The Last Of Us Co-Director Had One Rule For Changing Game Canon On HBO TV Show
While most of The Last of Us on HBO sticks to established canon, there are some major changes on the way.
We are less than two weeks from the premiere of HBO's adaptation of The Last of Us and you could say fans of the franchise are getting pretty hyped. With Mandalorian star Pedro Pascal as Joel and Game of Thrones standout Bella Ramsey as Ellie, this post-apocalyptic zombie drama has all the makings of a hopefully instant classic--something that is quite rare for video games brought to life as movies or TV shows. There's no doubt, though, that fans are going to be worried about changes being made to the story. And yes, changes are made--but with good reason--over the course of the first season, which covers the first game.

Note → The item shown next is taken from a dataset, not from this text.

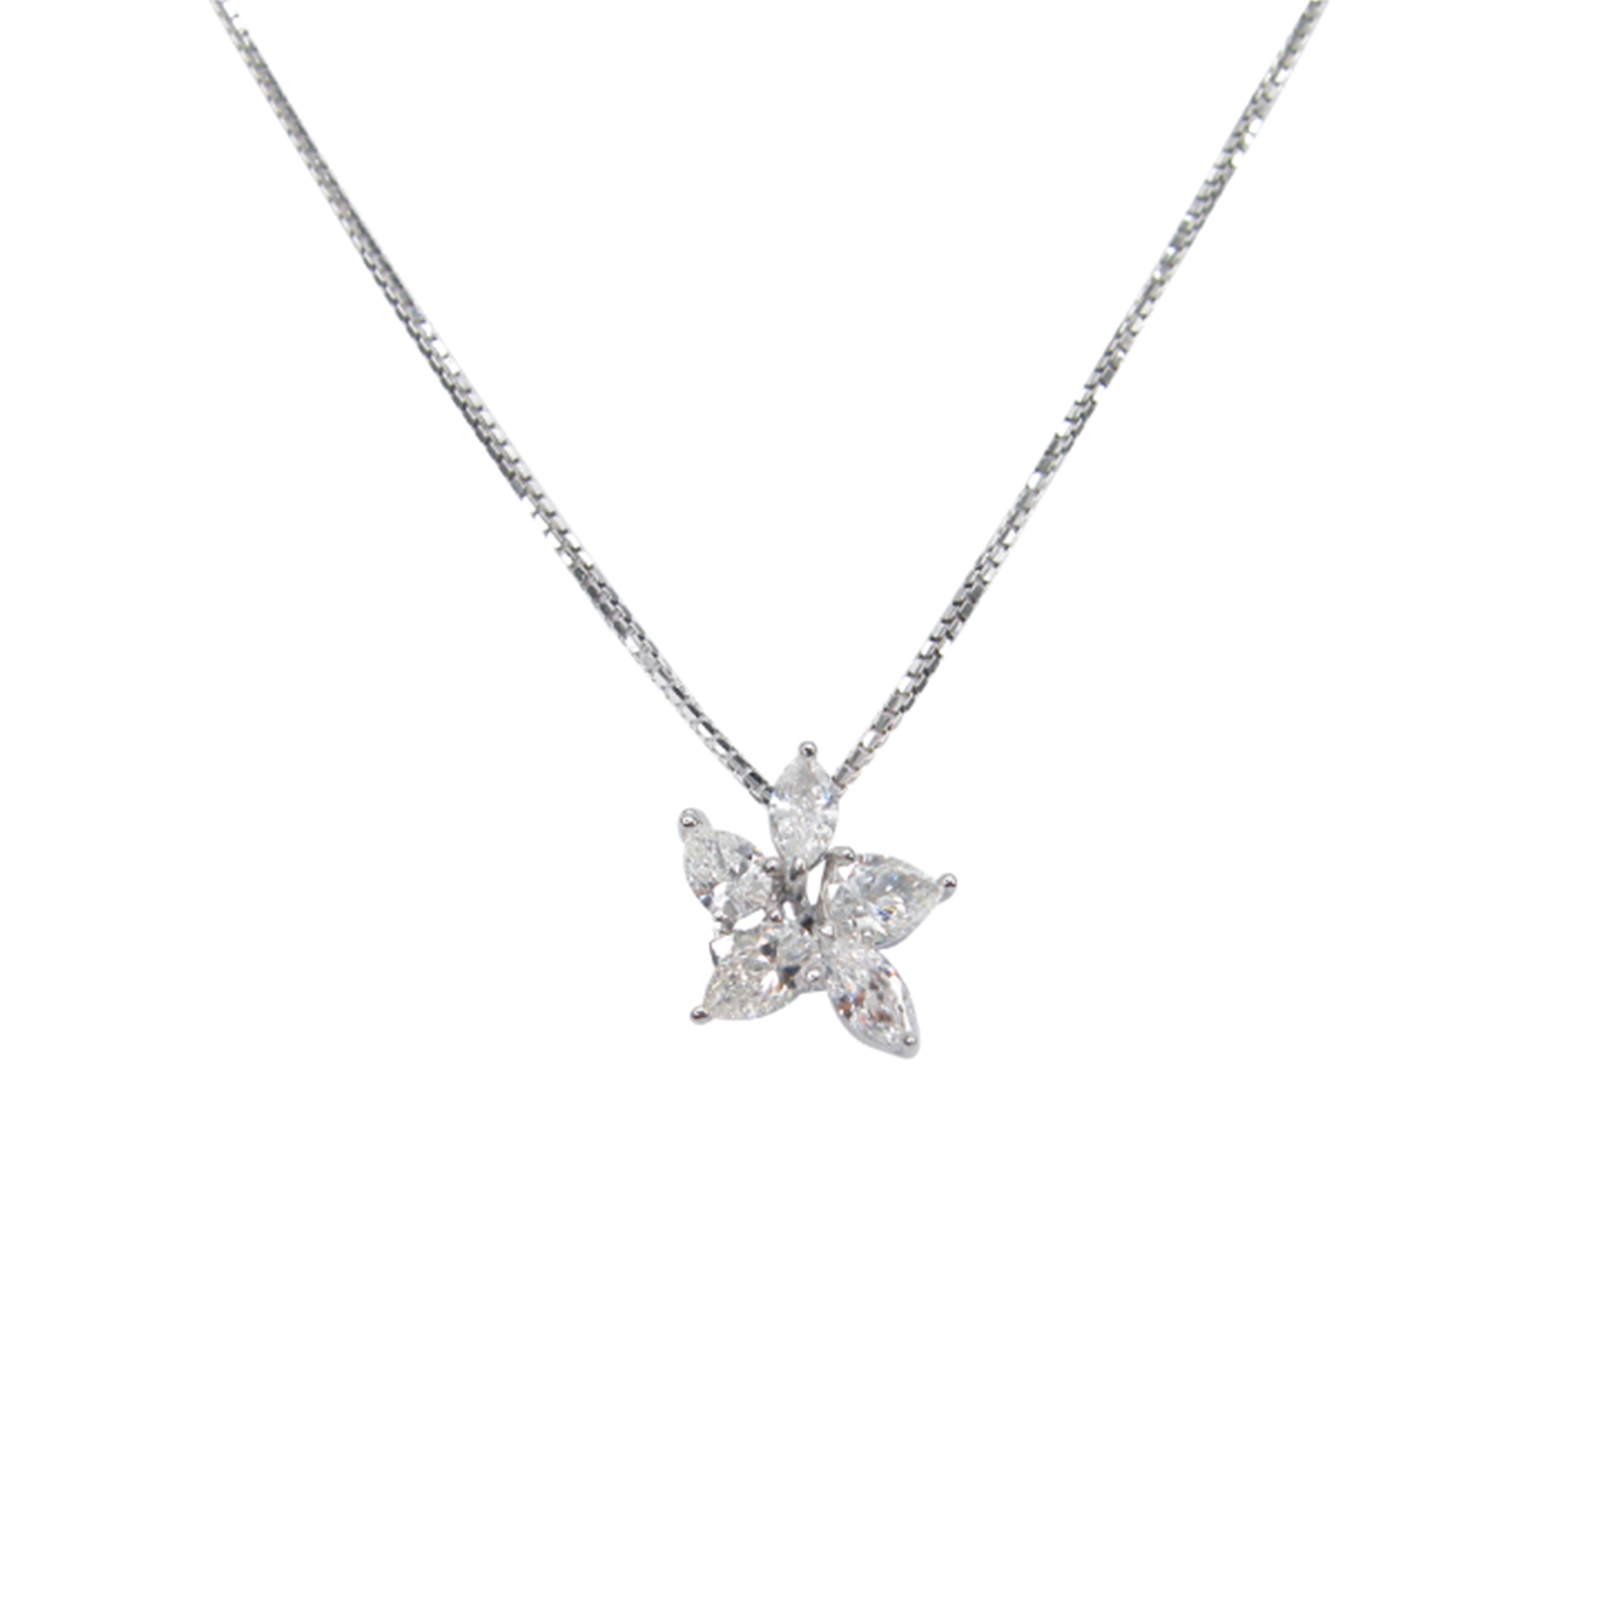 CLUSTER DIAMOND PENDANT BESPOKE FINE JEWELLERY BY SHAHINA HATTA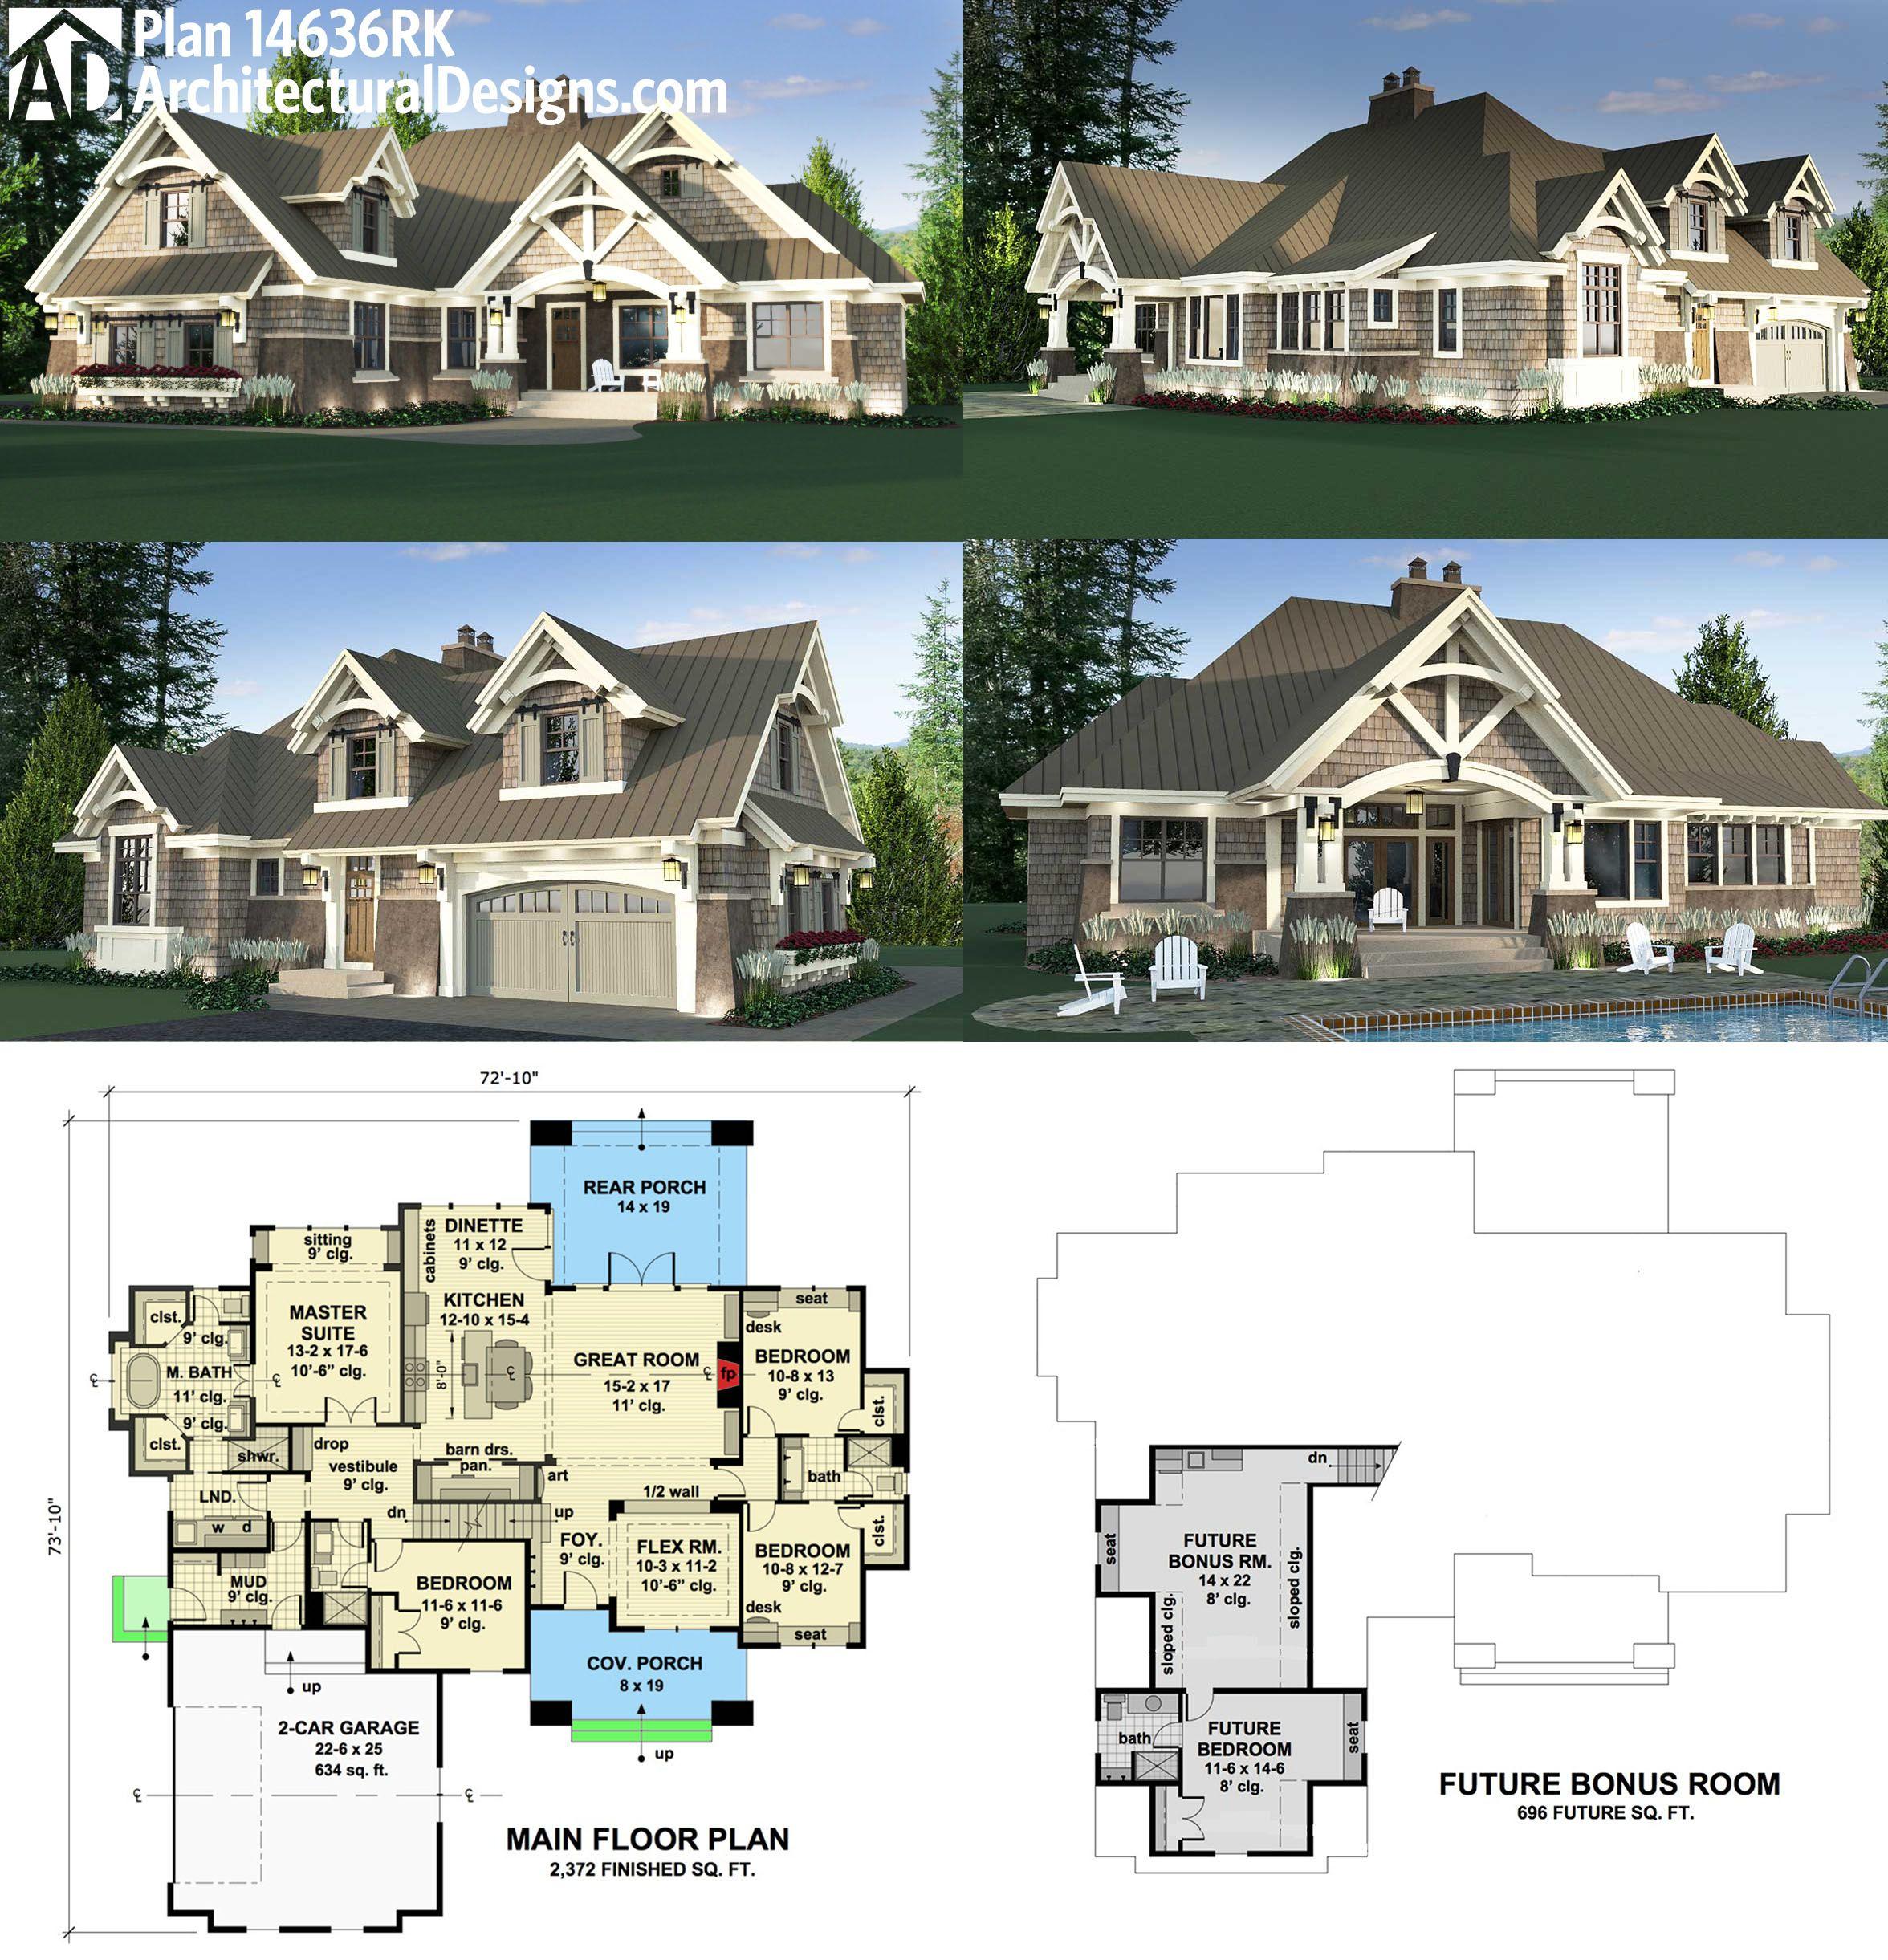 Plan 14636RK Charming Details Architectural design house plans

Speaking to GameSpot, TV Guide, and Metacritic, The Last of Us game writer and co-director Neil Druckmann--who is also a writer and executive producer on the show--was quick to explain. "There's things that work in the game that would just not work in the show," he said. "The game is about--sometimes--immersion and these continuous sequences through continuous space and time to get you to feel like you're that character. And the show, if we were to shoot it exactly like that, it would just get boring, the violence would get rote in a way that it doesn't in the game because there’s certain mechanics and stuff that really affect you."
It's hard to argue with Druckmann's reasoning here. While the games are a fascinating and creepy dive into Joel and Ellie's experiences in a zombie-filled wasteland, a camera simply following them around while they kill off clickers and anyone that gets in their way can only be entertaining for so long when you're not personally controlling their actions. What about the story changes, though? For showrunner Craig Mazin (Chernobyl), that was something they were constantly working hard to figure out.
"Neil would always say, 'We can change anything, but we need to talk about why. And if there's not a good reason--if we can’t do better--let's deliver what we have,'" he explained. "And there are places where I thought we came up with really interesting ideas. Sometimes I would call him, and I would be like, 'I'm scared to say this idea,' and every now and then he would say nothing for a bit, and then he would say, 'Aw, you know what? We should have done that in the game.' And then I'm like, 'OK, aha, OK, we're onto something.' The big secret is, Neil Druckmann was so confident and secure in the story of the game that he was then able to be flexible with me to go wander and fill in and change and alter."
Knowing that Druckmann is so open to changes, provided they make for a better viewing experience, is reassuring given that he was the sole writer behind both The Last of Us games. After all, nobody is going to be more protective of Joel and Ellie than their creator. Still, Mazin wants fans to know this show isn't about reinventing the wheel, adding, "If you're a fan and you loved that first game, you're going to have that experience again, wholly but in a different way."
What remains to be seen, though, is where the show would head in a potential Season 2. After all, The Last of Us 2 is set four years after the first game, with a young adult Ellie and an older Joel. While Season 2 could certainly go that route, there's also room to explore what happens to these characters in the immediate aftermath of the first game. Whatever the case, there is plenty of story for the show to tell and hopefully multiple seasons to tell it over.
The Last of Us premieres on January 15 on HBO.